Однако и авторы «основного потока», берущиеся за фантастику, и авторы-фантасты по сравнению с «реалистами» получают некие дополнительные степени свободы. Литература — это, конечно, игра. Но фантастика — как бы игра вдвойне. А значит, руки у писателя развязаны: вот он и пускается на всяческие эксперименты, в том числе стилистические и лингвистические. Эти «маргинальные» эксперименты рано или поздно усваиваются читателями и критиками и встраиваются в русло общего потока — мейнстрима. Все, что казалось вызовом, отклонением от нормы, копируется, интерпретируется и в конце концов становится добычей эпигонов. Роман «Сто лет одиночества» Маркеса когда-то был новаторским. Сейчас про причудливые и мистические происшествия в странных изолированных поселках и городках не пишет только ленивый.
А фантасты продолжают экспериментировать. Уже хотя бы потому, что они (я имею в виду писателей, а не халтурщиков) в силу самой природы жанра вынуждены разрабатывать свой особый язык, поскольку странно представить себе, что чуждые расы или люди будущего будут говорить точно так же, как мы с вами. Иногда это действительно самый настоящий язык, подчиняющийся своим лингвистическим правилам и в принципе реконструируемый. Толкиен для своих эльфов разработал целую лингвистическую систему с двумя разновидностями эльфийского — «архаичным» и «современным», Анджей Сапковский в «Ведьмаке» составил словарь для своих эльфов на основе валлийского. А поскольку язык и мышление неразрывно связаны, то иногда освоение чужого языка может раскрыть новые ментальныегоризонты: так, Самюэль Дилэни в романе «Вавилон-17» повествует о языке, само овладевание которым меняет образ мышления человека.

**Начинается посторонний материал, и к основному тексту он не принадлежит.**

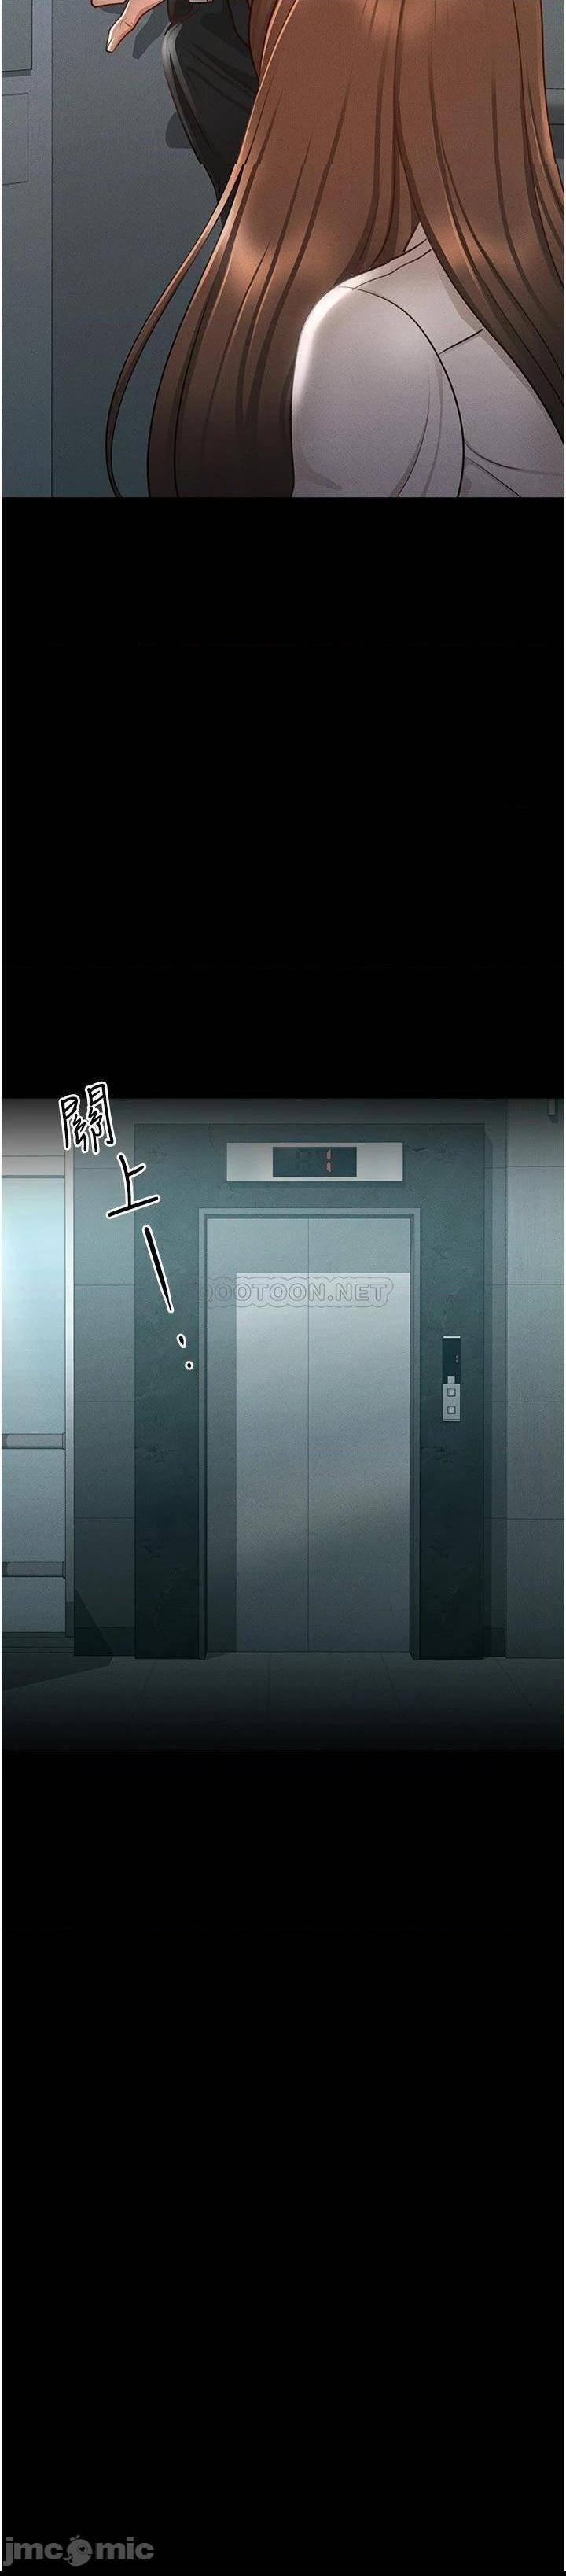 《超级公务员》漫画 第12话 在人挤人的电梯里硬上!

А если человек далекого будущего решает незнакомые нам профессиональные задачи, испытывает незнакомые нам психологические проблемы и даже свою физиологию подчинил освоению космоса? Разумеется, у него изменится восприятие мира, а следовательно, и язык. Роман Сергея Жарковского «Я, хобо: Времена смерти» впервые был опубликован в 2005-м в волгоградском издательстве «ПринТерра» небольшим тиражом и по тому времени казался вызывающе экспериментальным — в особенности это относилось именно к языку, к изобретенному автором космическому жаргону. «Я, например, страниц пятьдесят просто въезжал, думал, синтаксис и орфография нарочито сбиты от привычного стандарта. Но когда вживаешься в мир — язык получается органичным. Редкость у сочинителей», — пишет любитель и знаток фантастики Сергей Соболев. «Роман Жарковского — действительно новаторское произведение: и сюжетно и стилистически. Не могу сказать, что мне подобные вещи близки, — просто в силу личных читательских пристрастий. └Я, Хобо” был прочитан мною до конца, хотя прилагал для этого массу усилий: читать неимоверно тяжело. Но нужно. Жарковский — это писатель всерьез» — это уже другой вдумчивый рецензент — baroni[18].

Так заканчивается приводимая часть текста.